Are you a rhubarb lover or hater? I’m firmly on the “love” side of the equation. I posed the question on my facebook page and surprisingly (sort of), more people seem to love it than hate it. Yay!
My mom makes a rhubarb cream pie that is to die for. She grows the rhubarb in her backyard. This carries on a tradition in my family. My grandma and great-grandma always had rhubarb growing in their backyard gardens. In fact, I believe that my mom’s rhubarb plants are grown from cuttings received from my great-grandma. The recipe for rhubarb cream pie came from my great-grandma, too!

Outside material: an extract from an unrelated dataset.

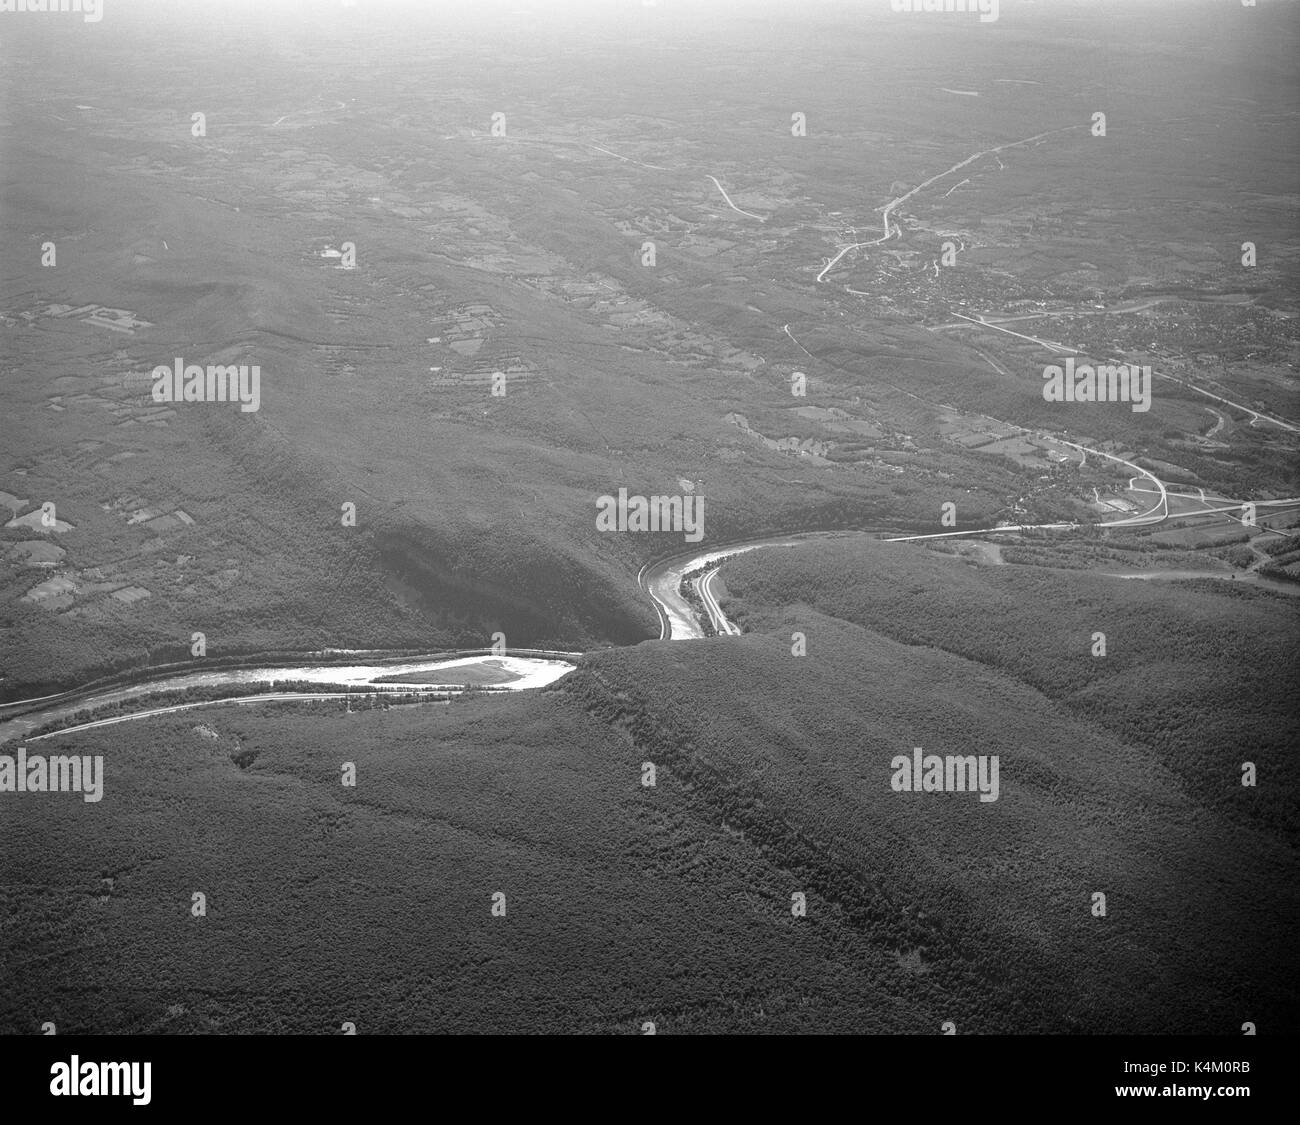 AERIAL VIEW OF THE DELAWARE RIVER AT THE DELAWARE WATER GAP, JUNE 1965, PENNSYLVANIA NEW JERSEY BORDER Stock Photo

These rhubarb cardamom shortbread bars come in as a close second to the rhubarb cream pie. The cardamom pairs perfectly with the tart rhubarb and the sweet shortbread. Great with a cup of coffee or tea! Or put a scoop of vanilla ice cream on a slice for a decadent dessert.

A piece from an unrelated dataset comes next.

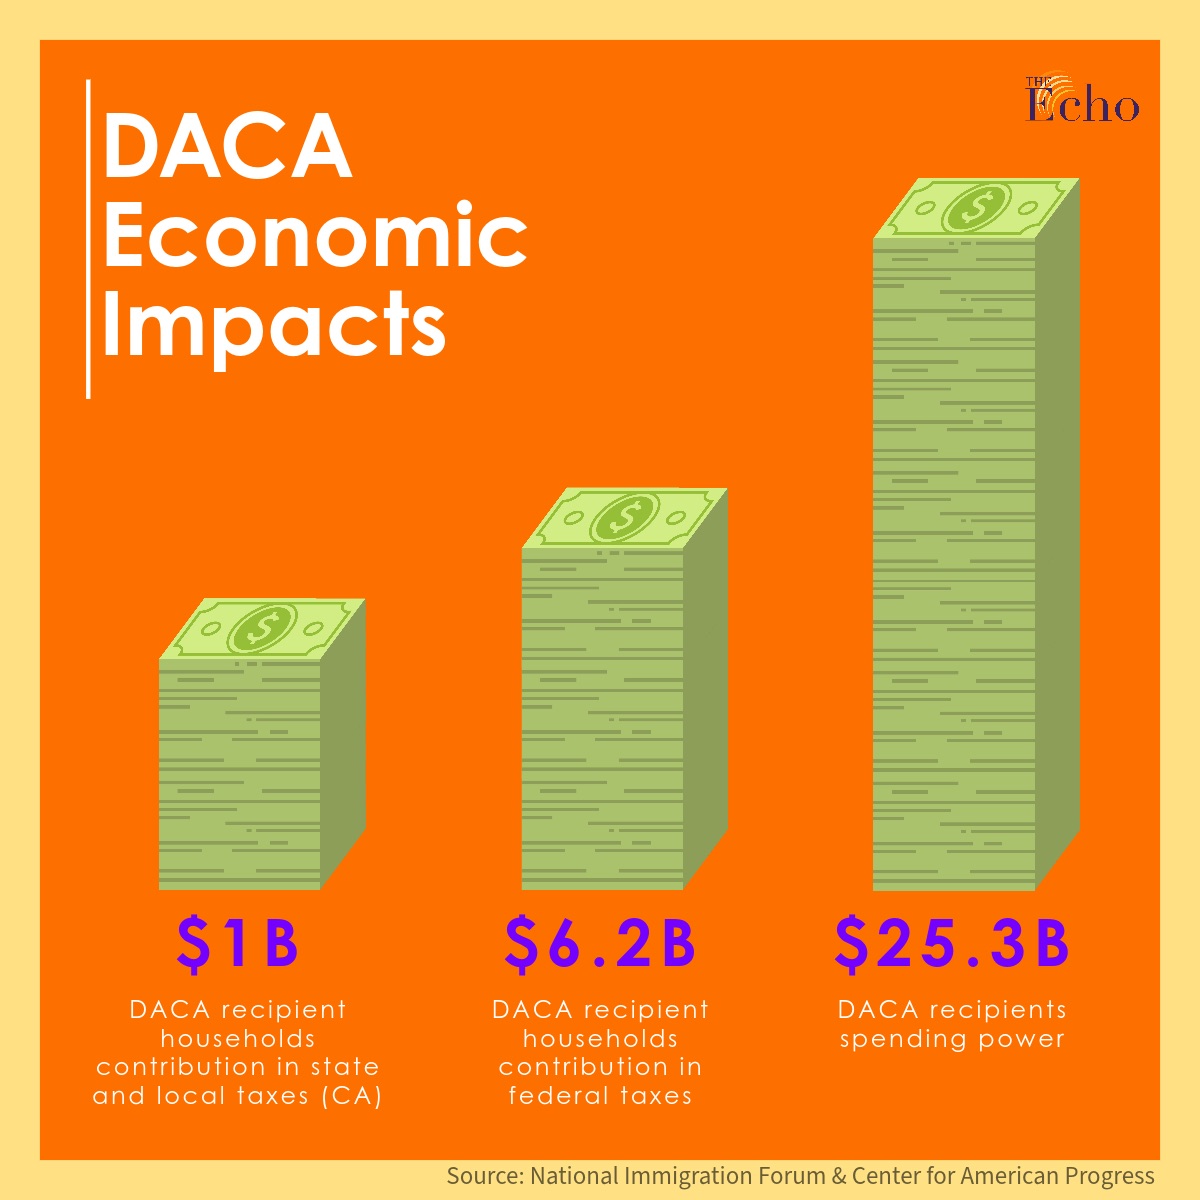 The graph demonstrates the economic impact DACA recipients have in America.

Funny story about this shortbread. I was adapting it from PBS.org, and totally spaced out on my butter measurement. I momentarily forgot that that one cup of butter equals two sticks. I swear having two kids turns your brain to mush. Or maybe I’m just so used to doing my own thing in the kitchen that I forgot how to follow a recipe. Yeah…I think that must be it.
So anyways, I’m mixing this dough and thinking that it looks really dry. I look back to the recipe and start hitting my head against the wall when I notice my mistake. Do I bake it and see what happens? Or do I dump it and start over? Missing a WHOLE STICK of butter is kind of a big deal…right? Especially when it’s half the amount required.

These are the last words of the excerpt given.